The present invention relates generally to the field of integrated circuit devices and, more particularly, to the fields of integrated circuit semiconductor devices and Integrated Optical Circuits (IOC).
Integrated Optical Circuits (IOC) have received considerable attention in the literature due to their potential for high speed signal handling and signal processing capabilities. The basic functions of IOC are to control and detect guided light. Integrated optical devices are typically fabricated in materials that exhibit special optical properties such as photoconductivity, electrooptic or acoustooptic effects. Dielectric waveguides, which are the fundamental component of most IOC devices, consist of regions of high index of refraction surrounded by regions of lower index of refraction, thereby propagating light which wave launched down the waveguide.
Each IOC function can be performed best in a material specifically suited for that function. For example, lithium niobate has exhibited modulation bandwidths in excess of 5 GHz, and has been used in an optical spectrum analyzer, and in a one-dimensional spatial light modulator. Low loss waveguides have been fabricated in lithium tantalate and complex IOC functions have been demonstrated in lithium niobate such as an optically activated half adder which used channel waveguide modulators and cadmium sulfide films. This circuit demonstrated that complex functions can be performed by IOC, and would be of significant value if the potential speed of the electrooptic material could be realized by the entire circuit. However, the potentially high speed operation of the electrooptic materials has not been fully utilized due to the difficulty of interfacing between the optical regime and the electronic regime. That is, the integrated detectors were much slower than the modulators used in the IOC devices.

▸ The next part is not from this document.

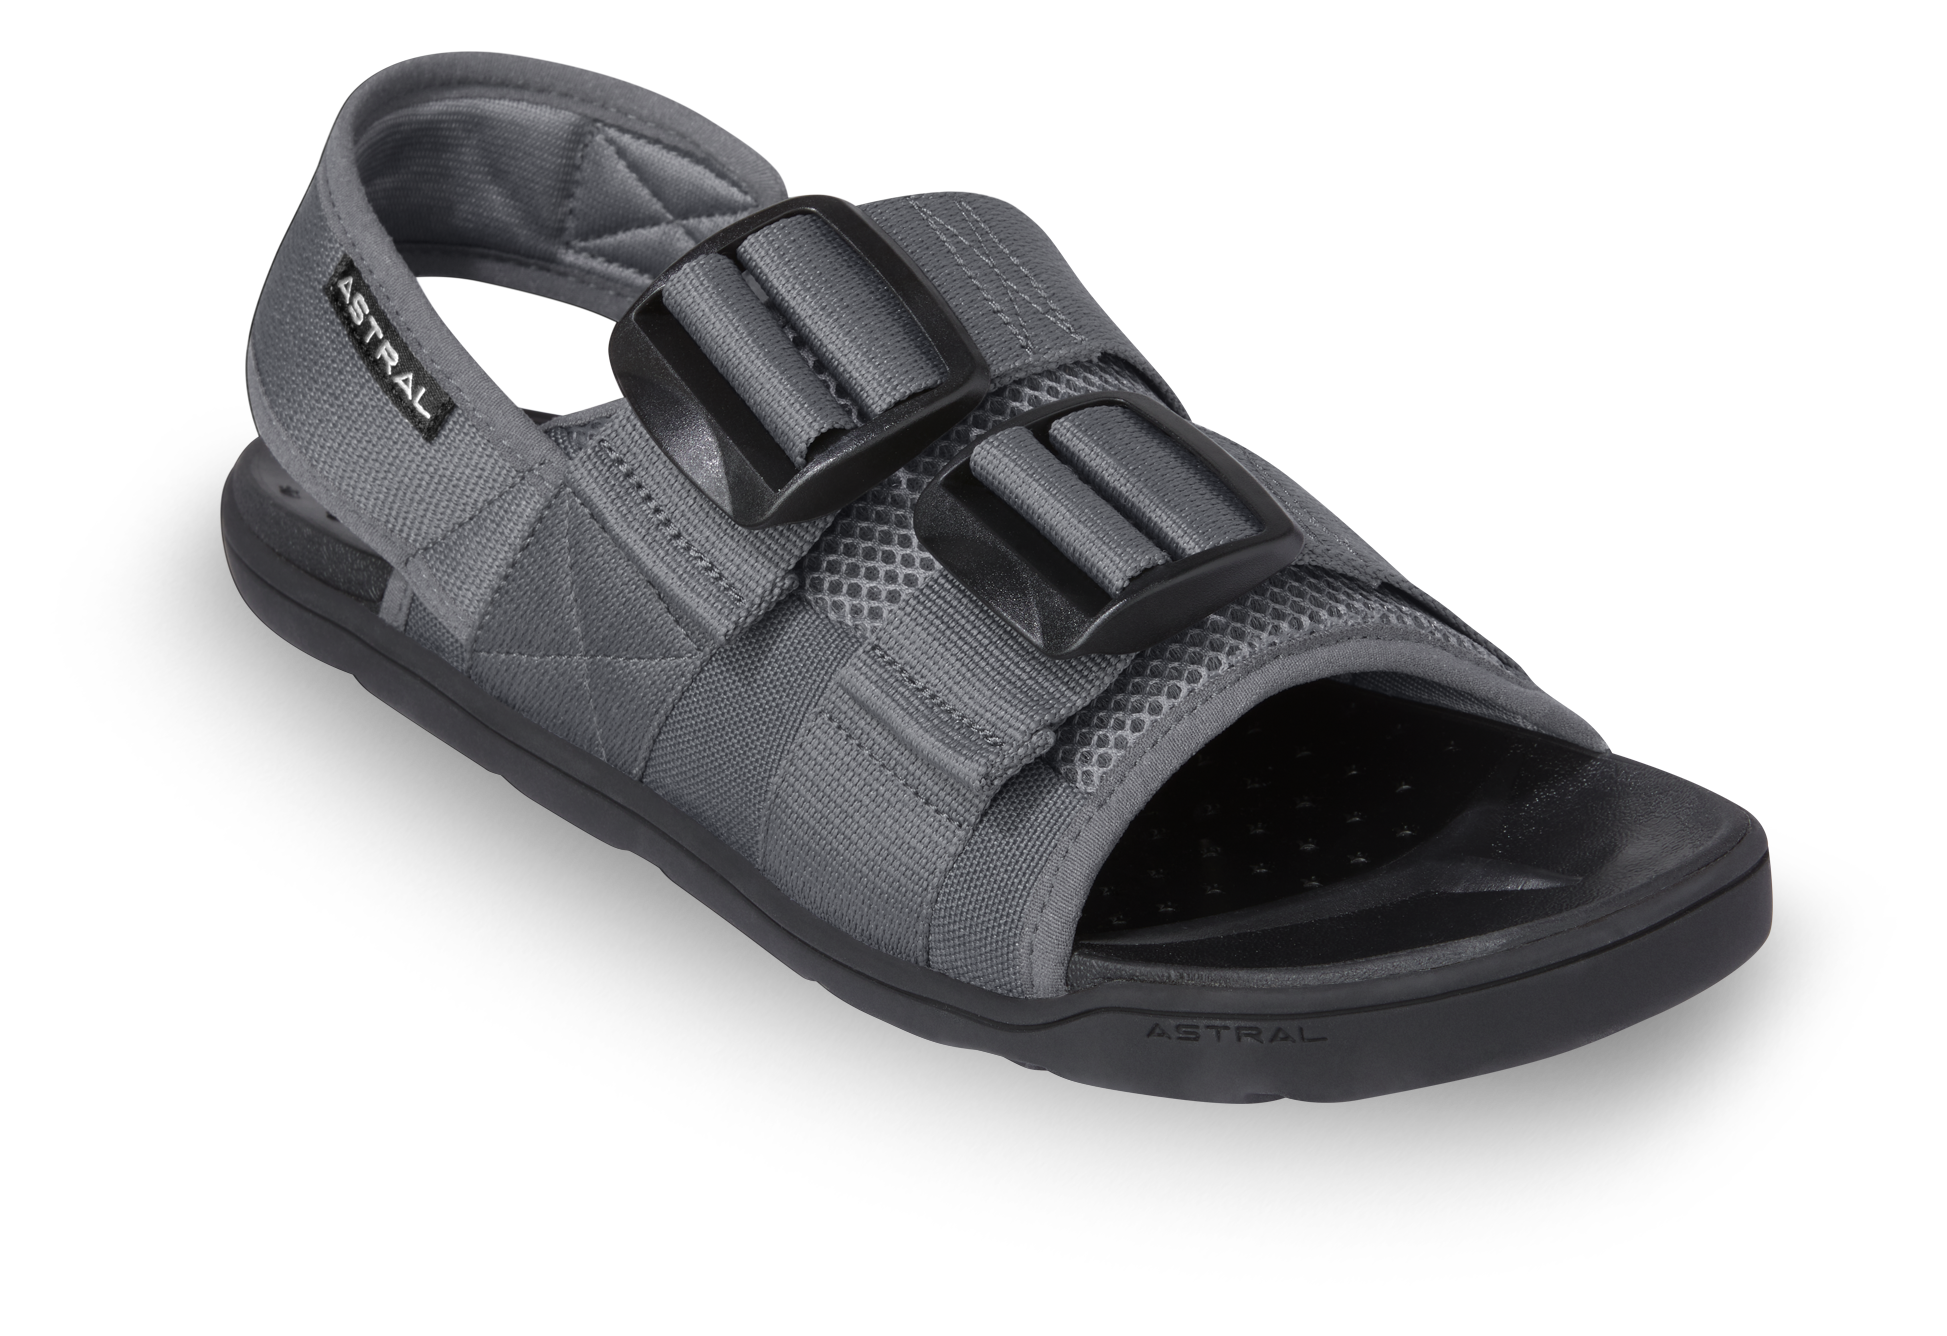 Astral PFD Adjustable Sandals for Men | Bass Pro Shops

Schemes for detection of light in LiNbO.sub.3 substrates have been demonstrated, and they fall into two broad categories: discrete detectors that must be attached to the IOC, and integrated detectors. Discrete detectors are often high performance silicon photodetectors, (e.g. avalanche photodiode or p-i-n photodiode), but the discrete nature of the components makes the alignment of the electrooptic substrate to the photodetector cumbersome and difficult and the optical coupling obtained is not maximized. Furthermore, the combined structure has potential reliability problems and is not suitable for mass production. Integrated structures have been made using photoconductive materials that could be deposited onto the substrate, such as polycrystalline cadmium sulfide (CdS). Although CdS has a large light-to-dark resistance ratio, it is limited to operation below about 20 KHz. This has been sufficient to demonstrate many IOC operations, but is not fast enough to be of much practical value.